▶ [Problem to work on]
Your task is to reproduce, verbatim and without pictures, the lines from the opening of the listing through the line containing "85183 - Военное".

▶ [Input data]

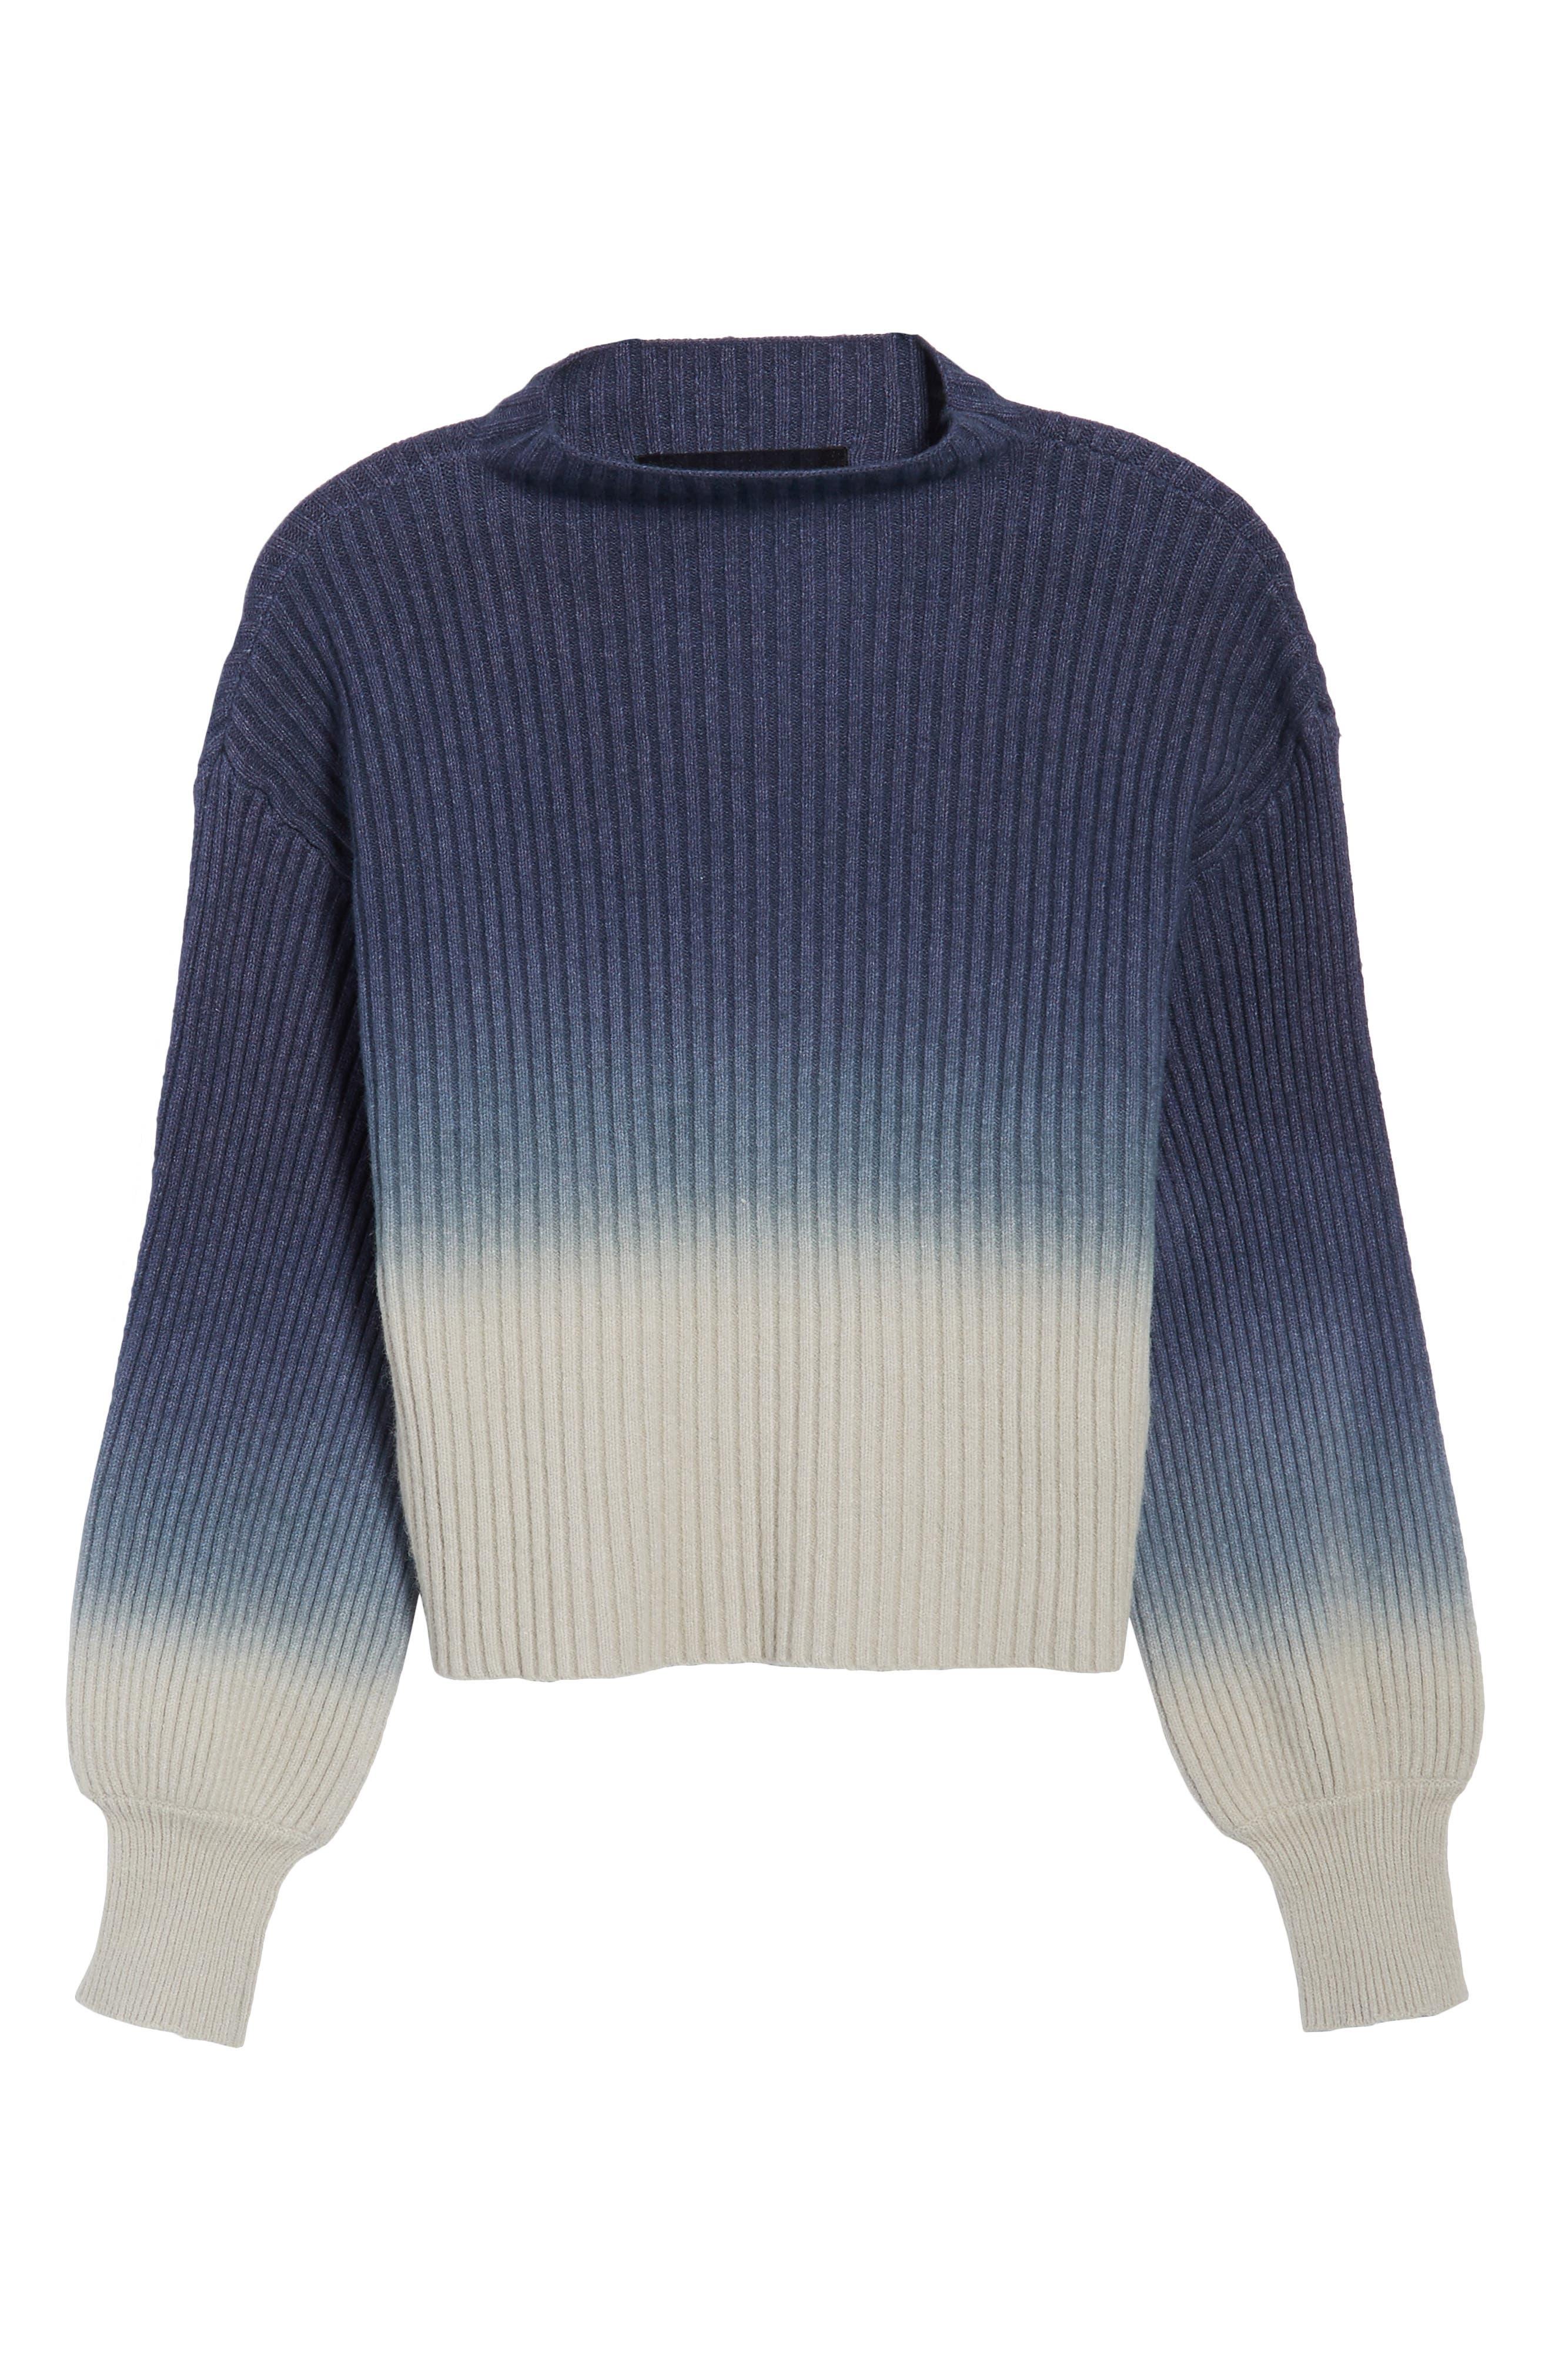 Ombré Sweater,                             Alternate thumbnail 6, color,                             Blue/ White
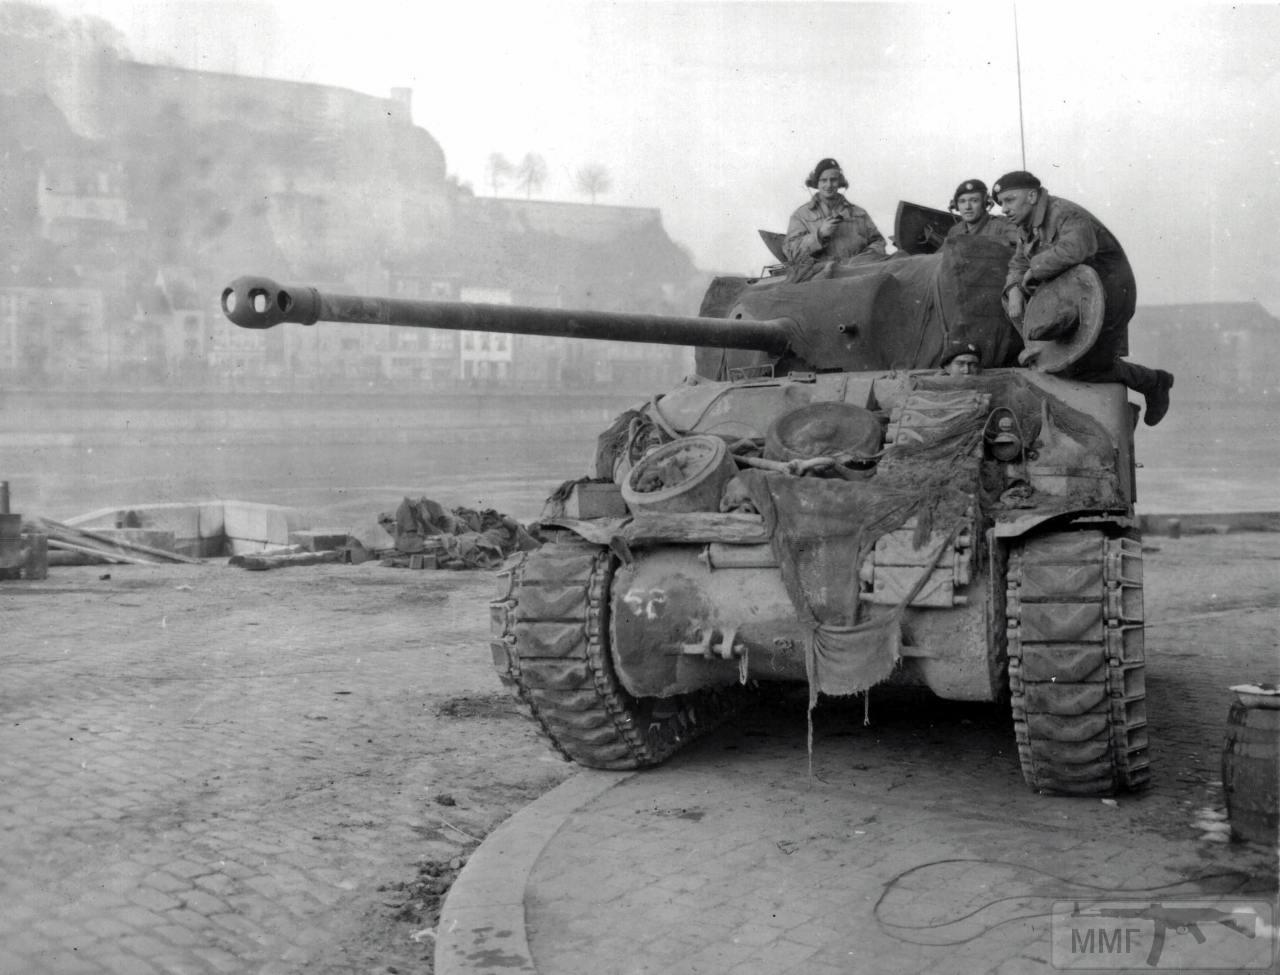 85183 - Военное фото 1939-1945 г.г. Западный фронт и Африка.
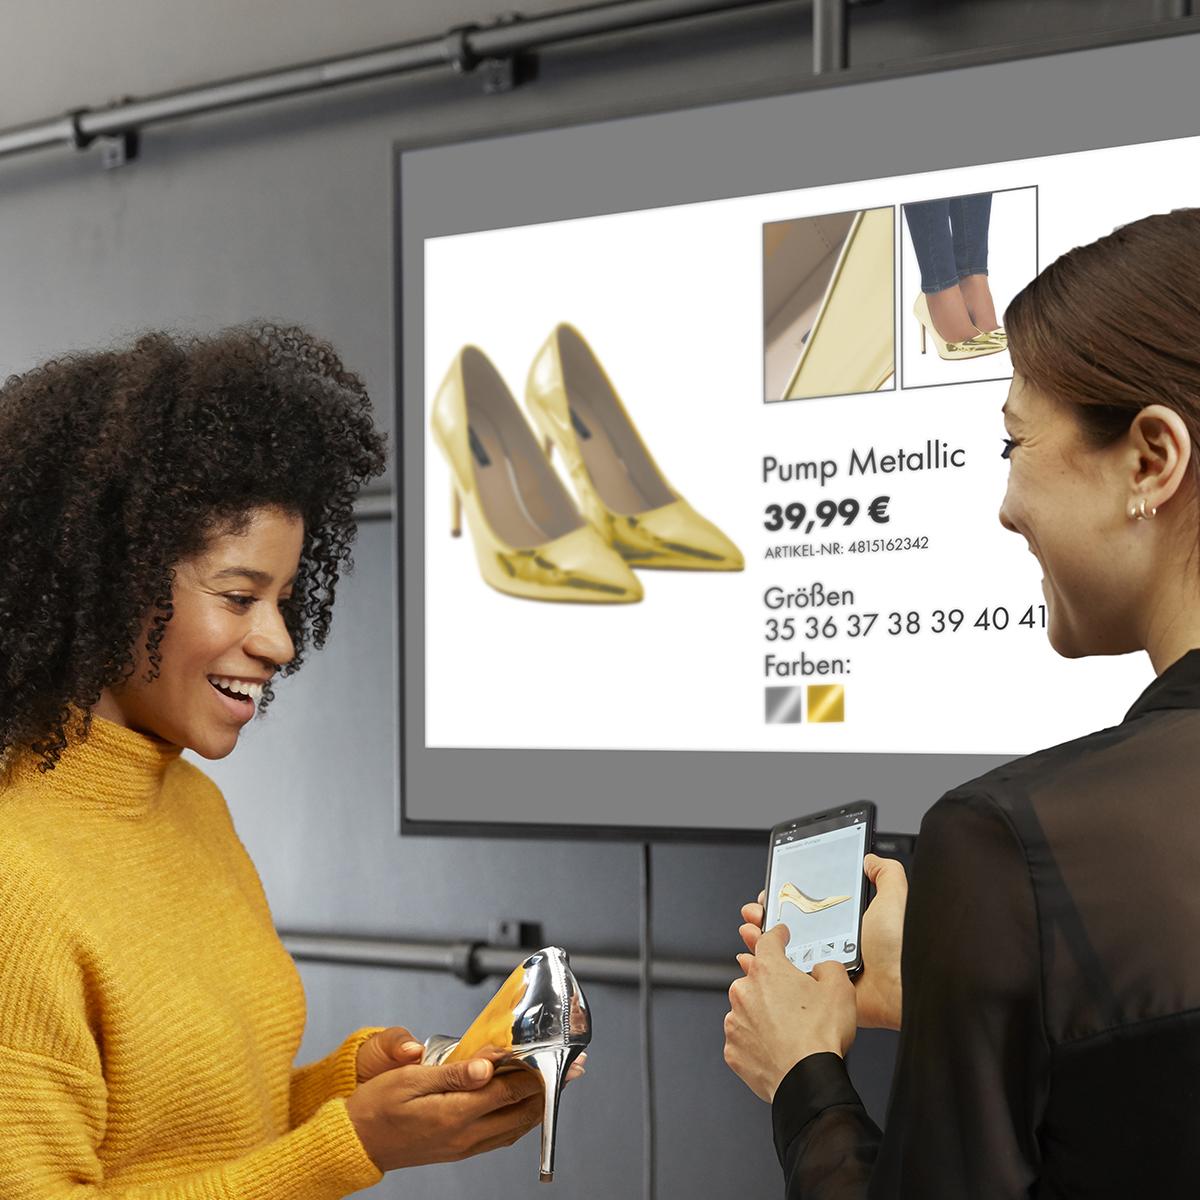 Verkäuferin zeigt Kundin Informationen zu ihrem Produkt auf dem InStore Assistant un einem Digital Signage Bildschirm

▶ [Answer space]
 Ombré Sweater,                             Alternate thumbnail 6, color,                             Blue/ White
 85183 - Военное фото 1939-1945 г.г. Западный фронт и Африка.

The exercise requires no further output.